* Problem *
Further down are entries; set down exactly and only the lines from the one with "Gibson Les Paul" up to and including the one with "clarks active air sandals mens", dropping each picture.
-------- Input records --------
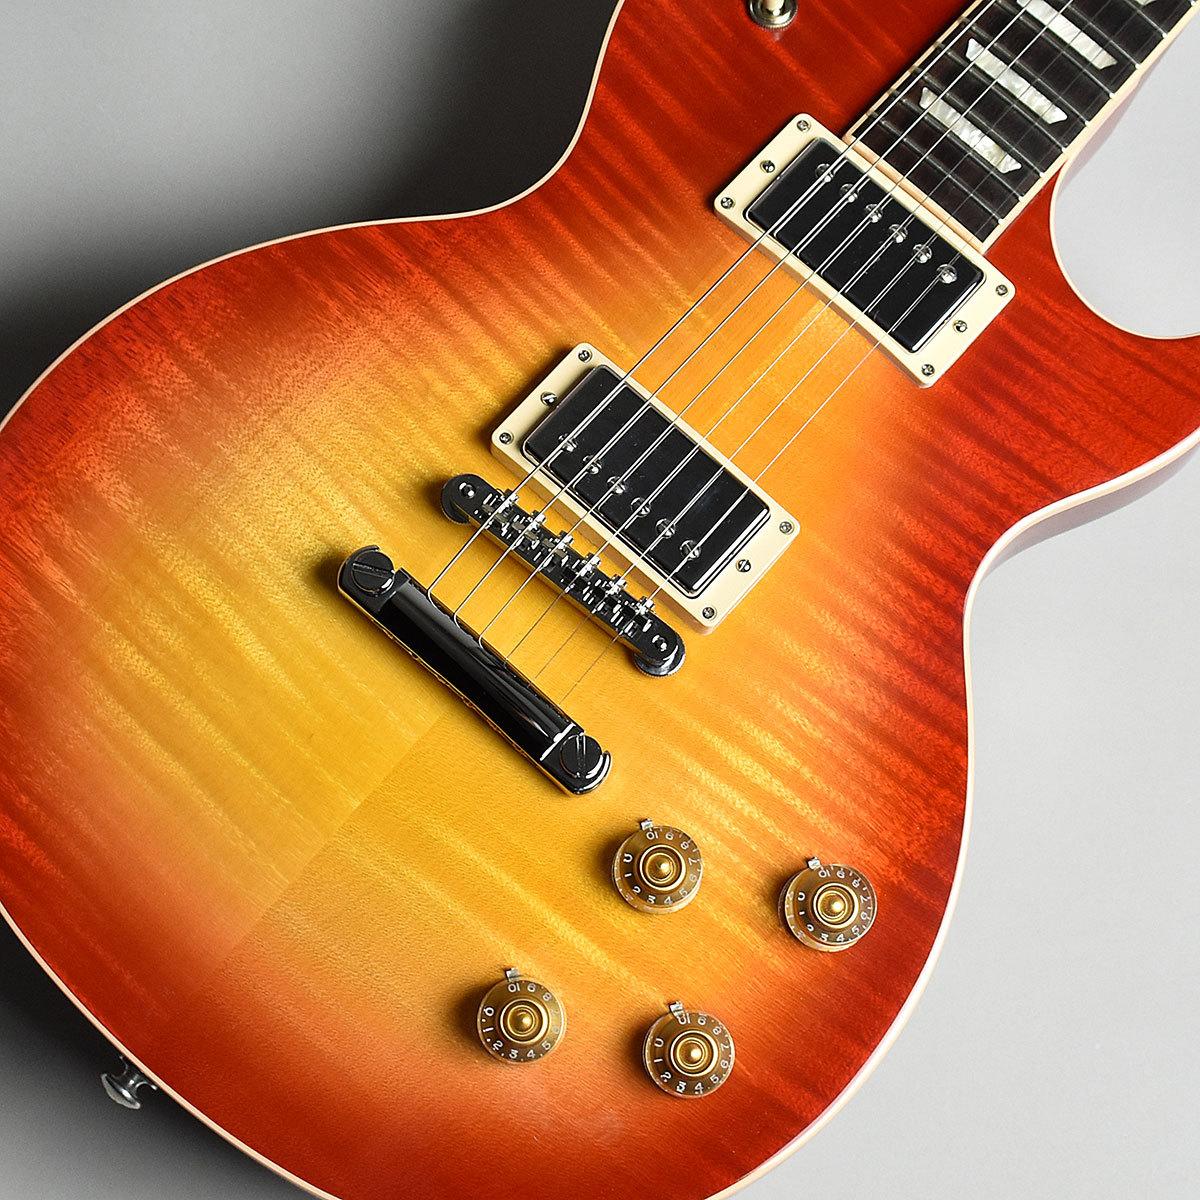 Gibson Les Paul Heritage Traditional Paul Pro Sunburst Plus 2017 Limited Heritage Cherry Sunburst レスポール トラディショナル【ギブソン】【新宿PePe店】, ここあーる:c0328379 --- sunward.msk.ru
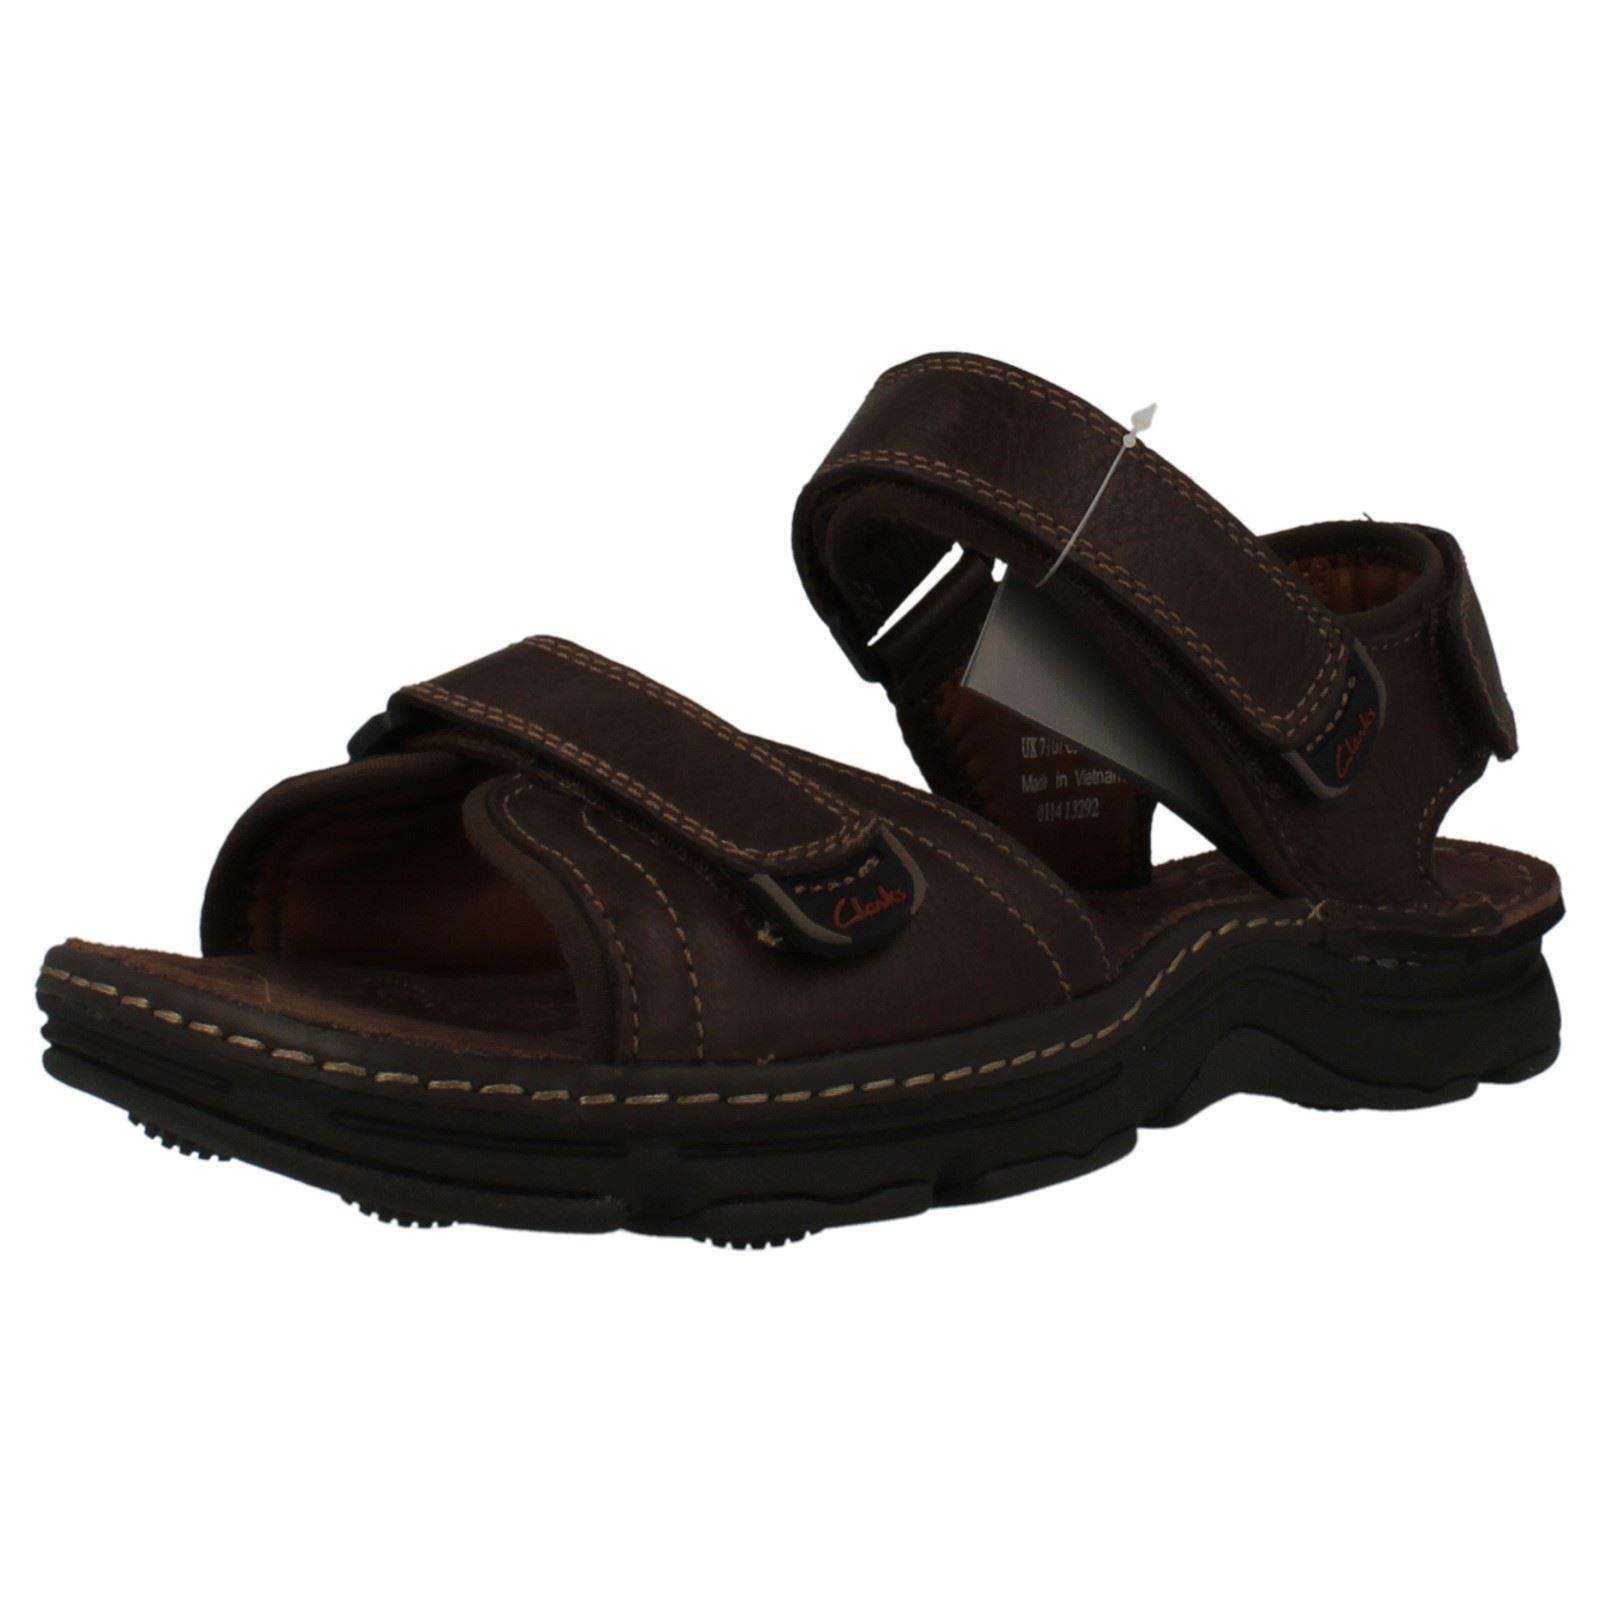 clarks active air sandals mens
--------
-------- Input records --------
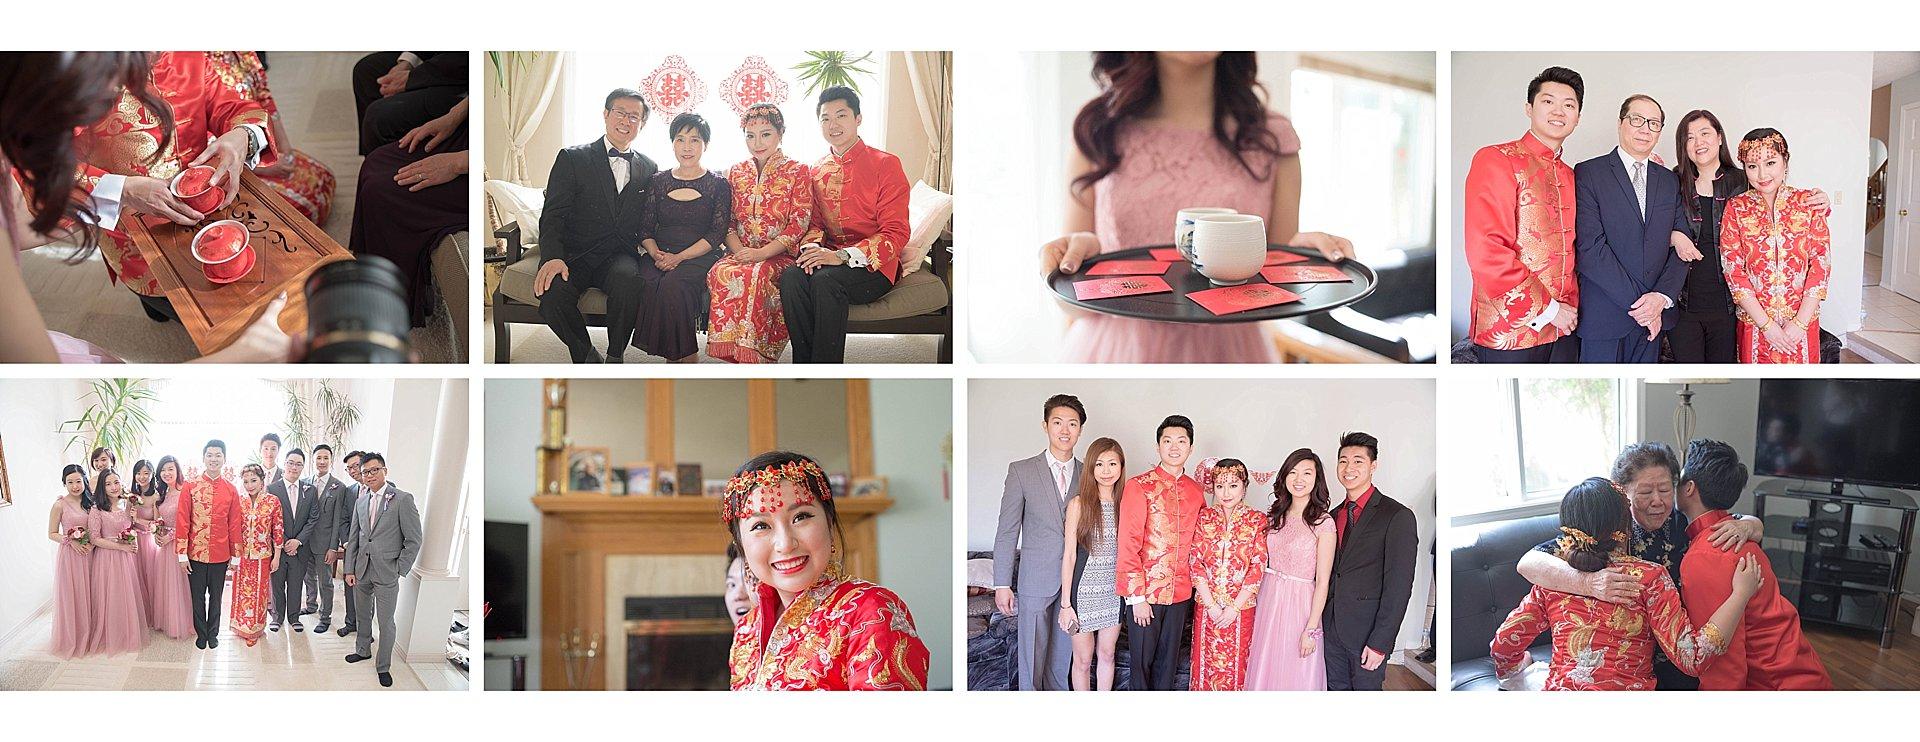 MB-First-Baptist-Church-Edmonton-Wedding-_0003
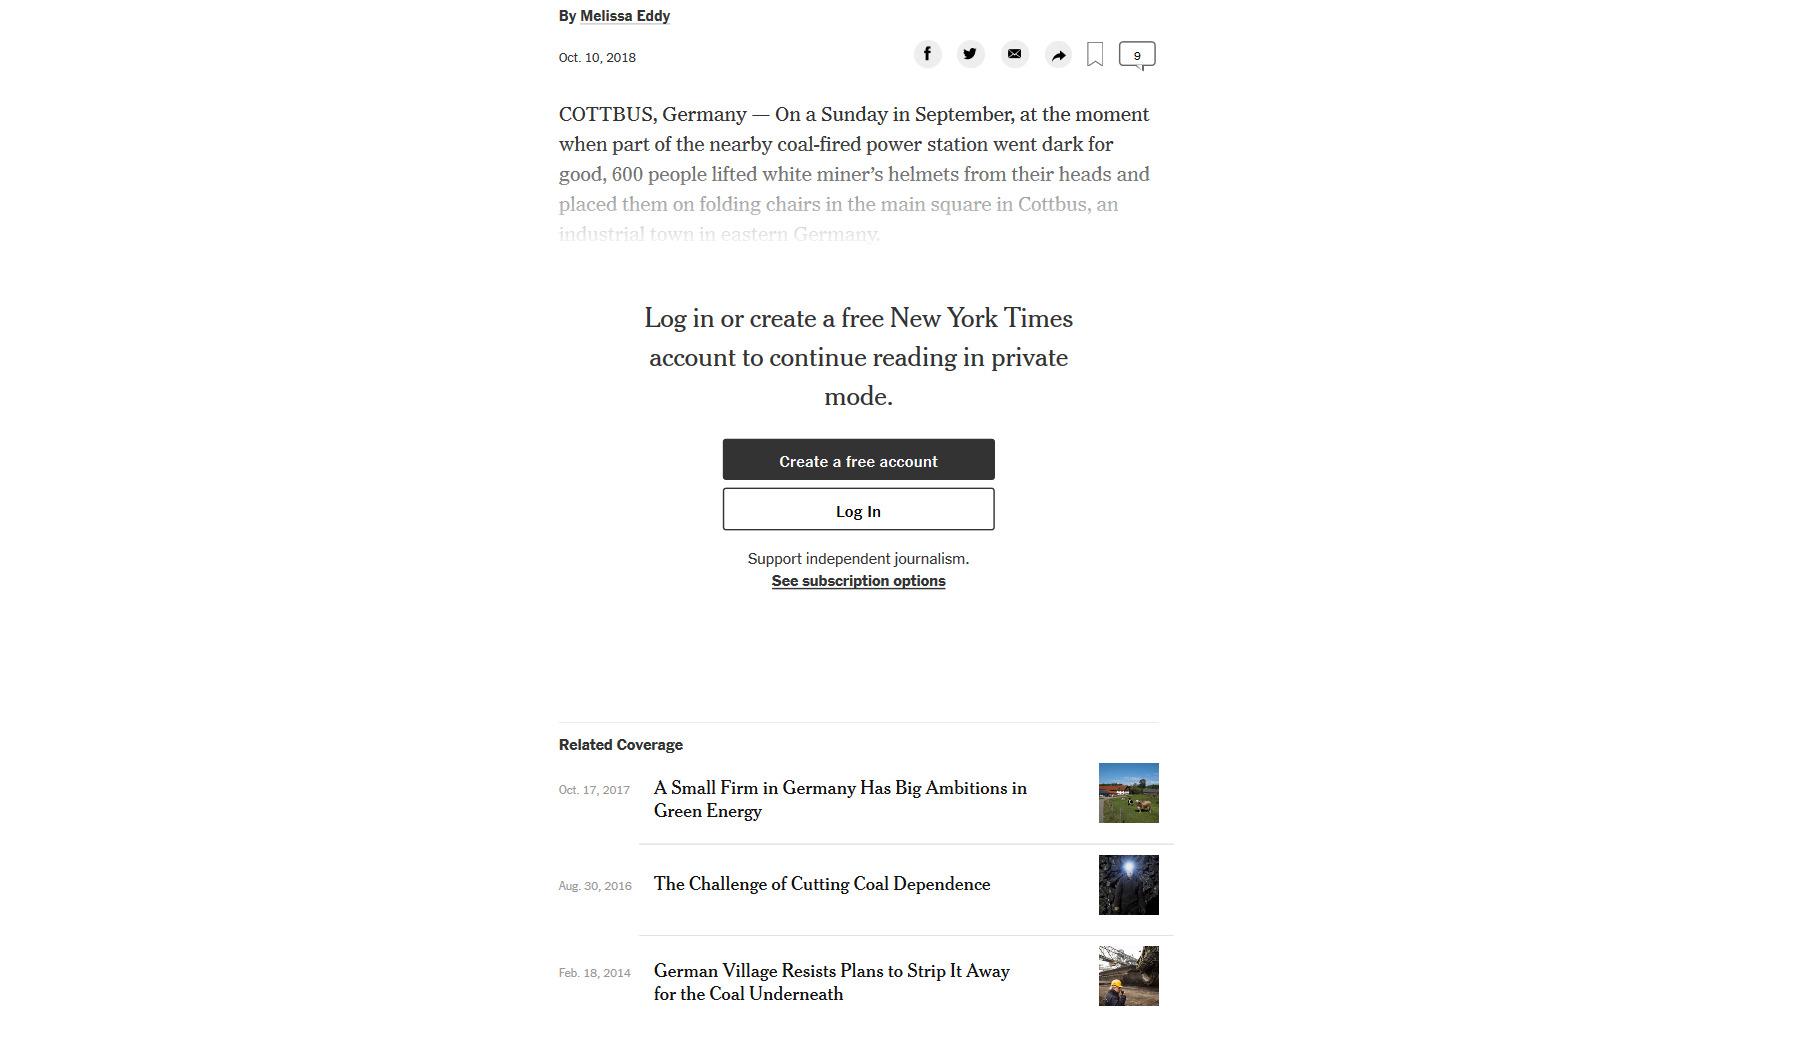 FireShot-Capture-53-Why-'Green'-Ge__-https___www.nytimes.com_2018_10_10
--------
* Exercise output *
 Gibson Les Paul Heritage Traditional Paul Pro Sunburst Plus 2017 Limited Heritage Cherry Sunburst レスポール トラディショナル【ギブソン】【新宿PePe店】, ここあーる:c0328379 --- sunward.msk.ru
 clarks active air sandals mens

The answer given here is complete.